2. The second challenge has to do with the administration of "common goods" such as water, energy sources, communities, the social and civic capital of peoples and cities. Business today has to become more and more involved with these common goods, since in a complex global economy it can no longer be left to the state or the public sector to administer them: the talent of the business sector is also needed if they are to be properly managed. Where common goods are concerned, we urgently need business leaders for whom profit is not the exclusive goal. More and more, we need business leaders with a social conscience, leaders whose innovation, creativity and efficiency are driven by more than profit, leaders who see their work as part of a new social contract with the public and with civil society.

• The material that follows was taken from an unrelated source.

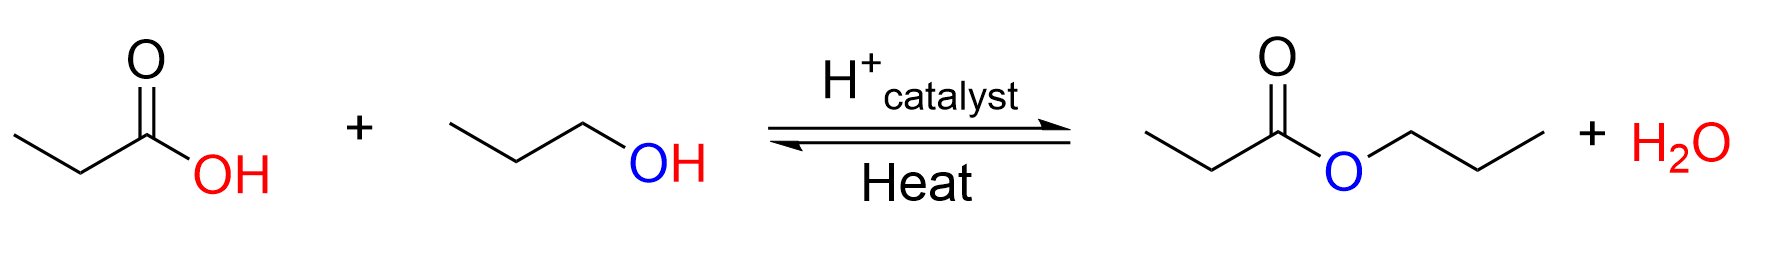 Propanoic acid and propanol in the presence of H+ catalyst forms propyl propanoate and water. Those 2 products in the presence of heat will cause the reverse reaction where propanoic acid and propanol is regenerated.
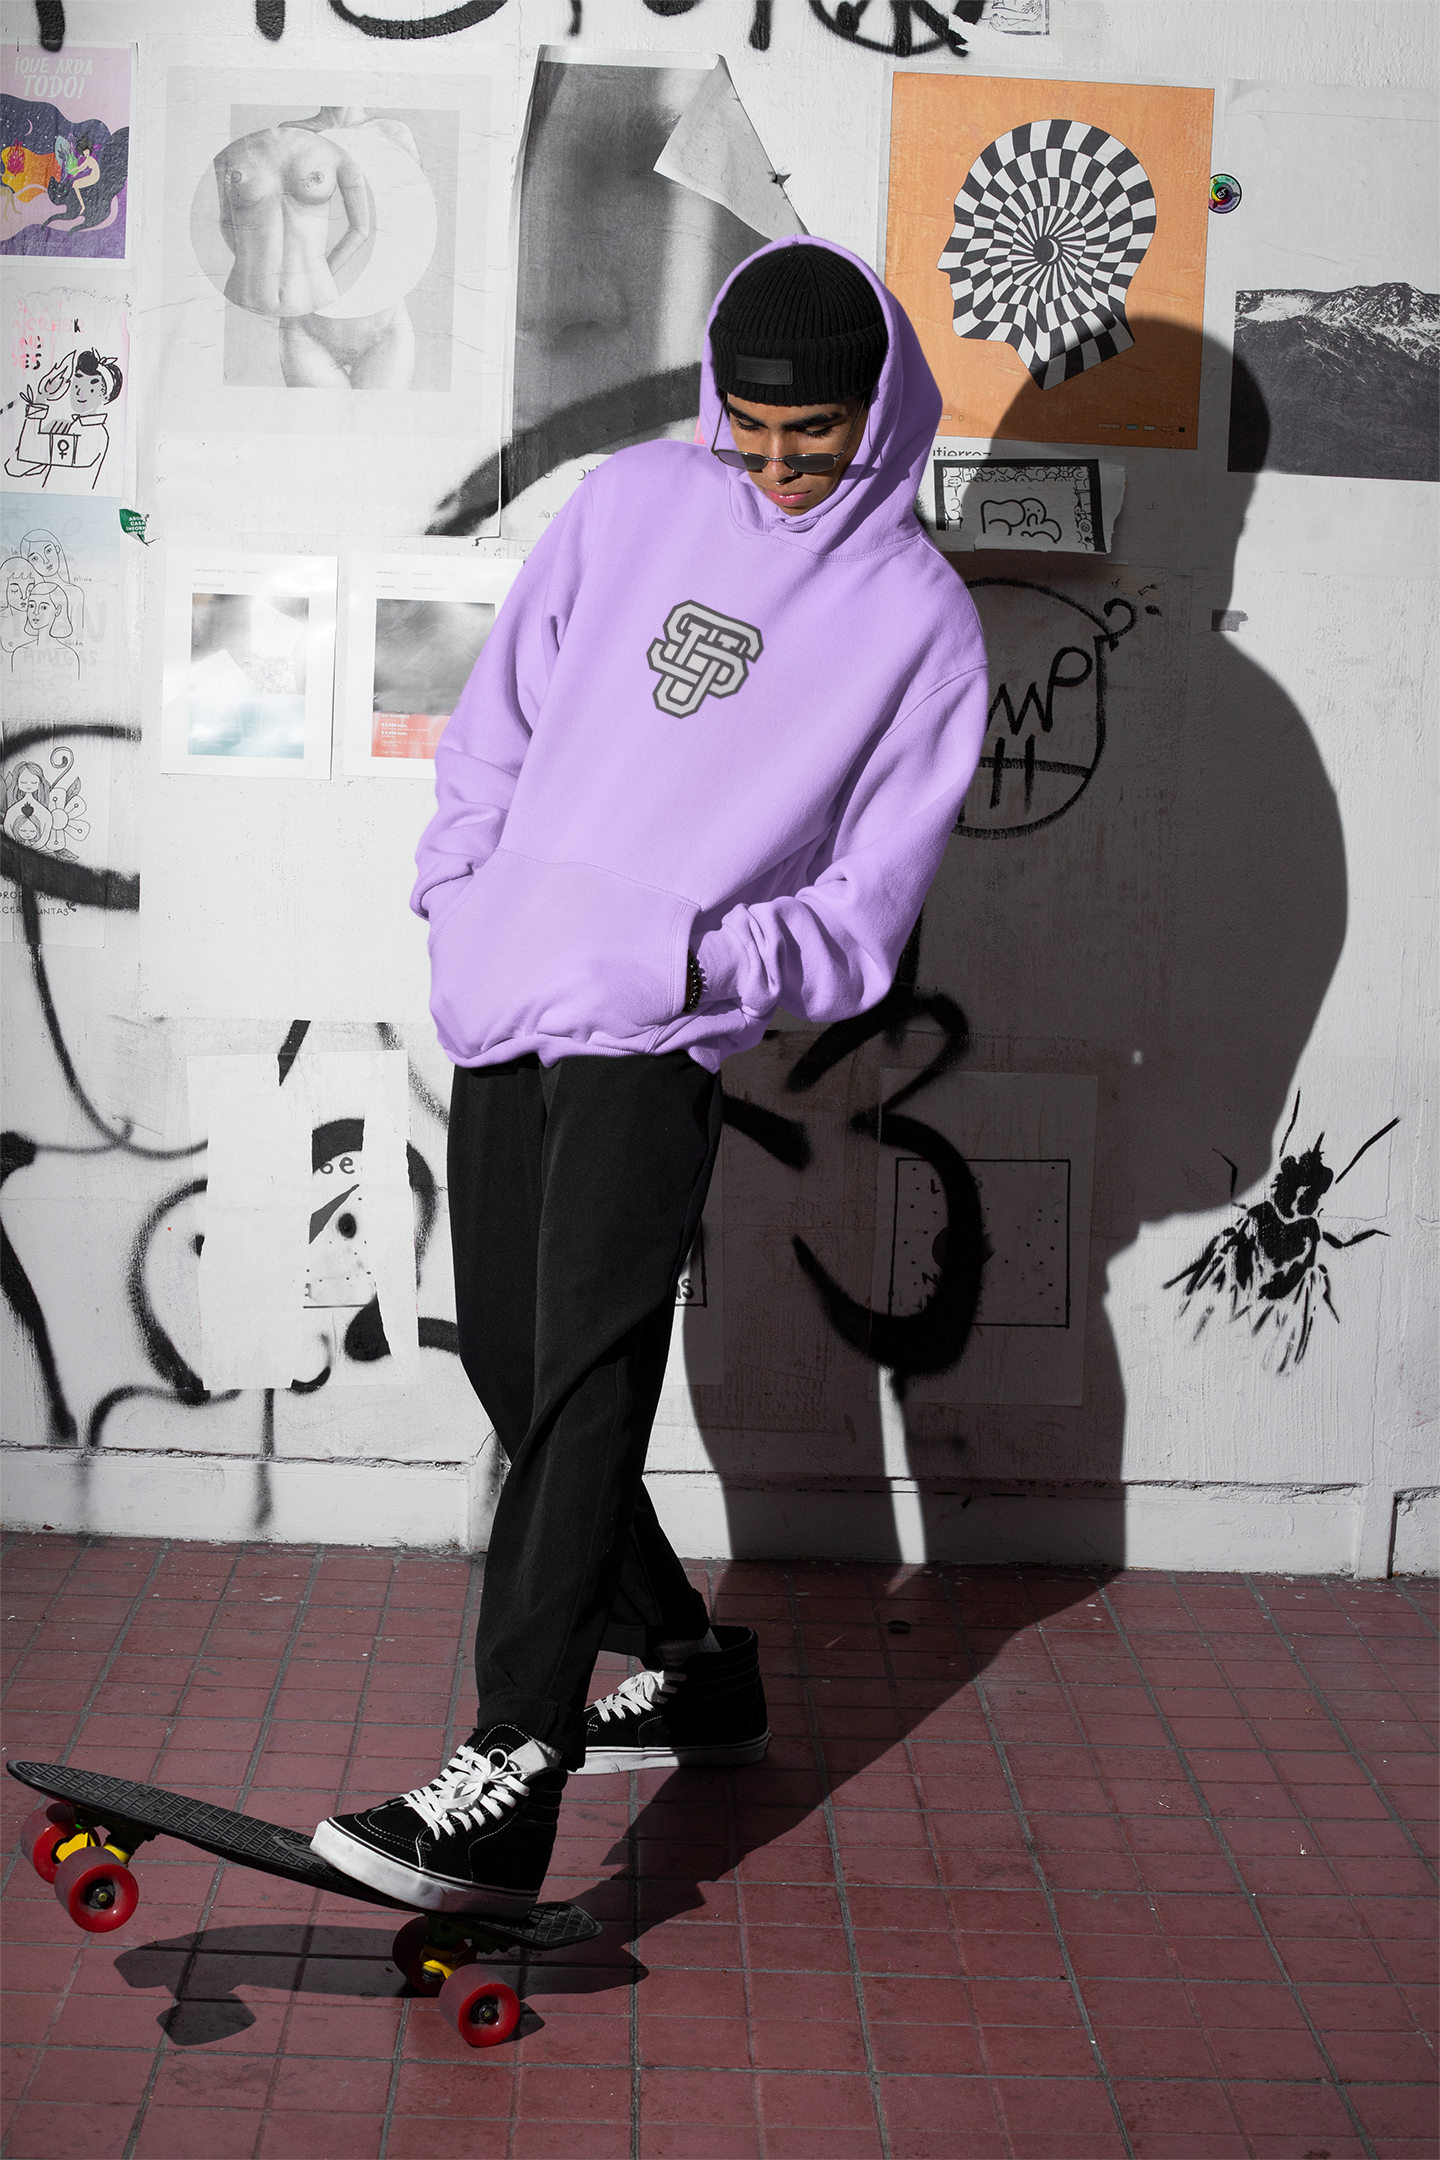 Drop Some Money Oversized Fit Hoodie

Economic and commercial activity, when carried out along the lines indicated by the Church's social teaching, is clearly "ethical" activity, since there cannot be a common good without business leaders that we would describe as "civil". As Caritas in Veritate makes clear, there is no such thing as an ethically neutral business leader. Business leaders are either "civil", in the sense that their commercial activity serves to build up the common good, the good of all and of every individual, or else they are the reverse, as when they fail to produce quality products, ignore innovation, fail to create wealth and jobs, and pay no taxes.
Having said all this, I would like to offer you a word of encouragement. I pray that a new season of creativity and social commitment will emerge from these days of reflection and dialogue. Such commitment and creativity are all the more important and necessary today, not least for the continued development of the Church's social teaching. That teaching draws inspiration from the life of the Christian community, where the Spirit's gifts and charisms open up new paths of human and spiritual excellence in economic and social life. This can be seen in the lives of those business leaders who made their work a place of growth in genuine holiness: people like Blessed Giuseppe Tovini, a businessman and banker from Brescia. I should like to conclude my brief address by quoting a saying of his, uttered more than a century ago but still timely today: "Without faith, your children will never be rich; with faith they will never be poor".